His reply: "30 or 40 years ago, you could hit 'em."
Quote got cut or never made it in the papers because the P.C. police on the desk thought Bowden -- everyone's favorite old Grand-Dad -- was advocating abusing players.

I had this one cut from my copy. Covering an LPGA event in the 90s. Val Skinner was a pretty good player for a few years back then, and very funny (she reminded you of a barmaid in a redneck dive). Anyway, on the last two holes of one round, she double-bogeyed a par-3, then eagled a par-5. She started talking about how she was maturing as a player, and I asked: "Does that mean there was a time in your career when you wouldn't have responded that well to a double-bogey?"
Her reply: "Actually, there's a time every month I don't respond well to a double-bogey."
I wrote it. Got cut. What's more, I was called by the desk and told it was cut by a female M.E. because the quote "was degrading to women."
When I reminded them a woman said it, I was met with silence. No one had a good P.C. explanation for that one.
But the quote never made it.
 
I couldn't resist just one more.
Juco hoops coach gets his team to the national tourney for the first time, and he's quite excited. Guy is a quote machine anyway. So, he's in the pre-tourney press conference and no coach has said anything remotely interesting. All the "proud to be here" and "all the teams are so impressive on film" quotes.

He gets up there and does his vaudeville act.
First question is about how it's their first time at the national tourney.
"Yeah, we're like virgins in a whorehouse. Happy as heck to be here, but scared to death."
Got cut.
He also got asked about his team leading the nation in 3-pointers attempted and made. "We have a standing policy. If it feels like leather, shoot it." That stayed in the story.

One other from this coach.
After a game, I'm waiting in his office with his wife. They usually let me in the locker room but didn't for this game.
He storms in and continues his tirade.
Finally, he looks at his wife and says, "And, honey, I was so made at them tonight, I used the fork word."
Wife replies, "Honey, either say f-word or fork. Saying fork-word just sounds stupid!"
 
hondo said:
Got this third-hand. When FSU was going through their first wave of horseshirt kickers in the early 1990s, one of them, Dan Mowrey, announced he was going to see a sports psychologist. One of the hacks asked Bowden how coaches "30 or 40 years ago" dealt with kickers who couldn't make extra points, backs who fumbled, receivers who dropped balls and quarterbacks who couldn't hit water from a boat, since there was no such thing as a sports psychologist back then.
His reply: "30 or 40 years ago, you could hit 'em."
Quote got cut or never made it in the papers because the P.C. police on the desk thought Bowden -- everyone's favorite old Grand-Dad -- was advocating abusing players.

I had this one cut from my copy.
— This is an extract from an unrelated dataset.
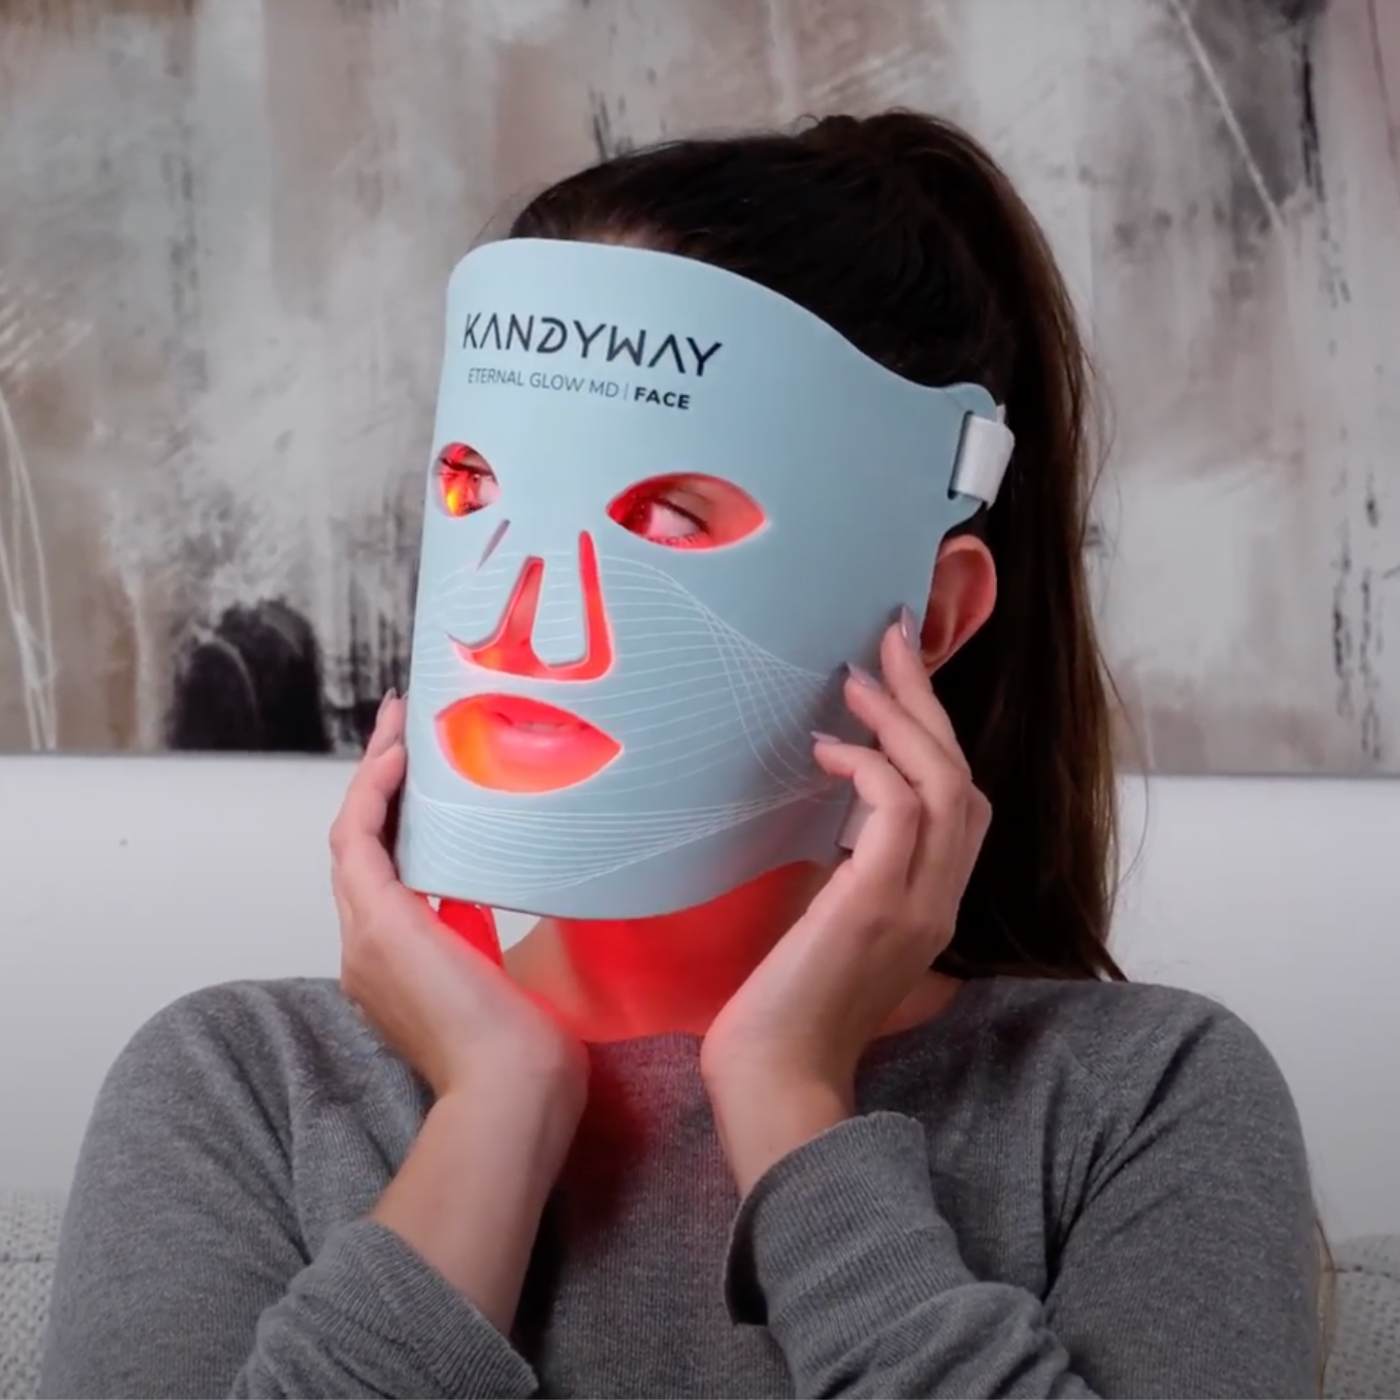 Kandyway Eternal Glow MD - Red Light Therapy Mask (PREORDER)

Covering an LPGA event in the 90s. Val Skinner was a pretty good player for a few years back then, and very funny (she reminded you of a barmaid in a redneck dive). Anyway, on the last two holes of one round, she double-bogeyed a par-3, then eagled a par-5. She started talking about how she was maturing as a player, and I asked: "Does that mean there was a time in your career when you wouldn't have responded that well to a double-bogey?"
Her reply: "Actually, there's a time every month I don't respond well to a double-bogey."
I wrote it. Got cut. What's more, I was called by the desk and told it was cut by a female M.E. because the quote "was degrading to women."
When I reminded them a woman said it, I was met with silence. No one had a good P.C. explanation for that one.
But the quote never made it.

Good stories, hondo. This is what is one thing that is really wrong with newspapers. We are editing the life out of them.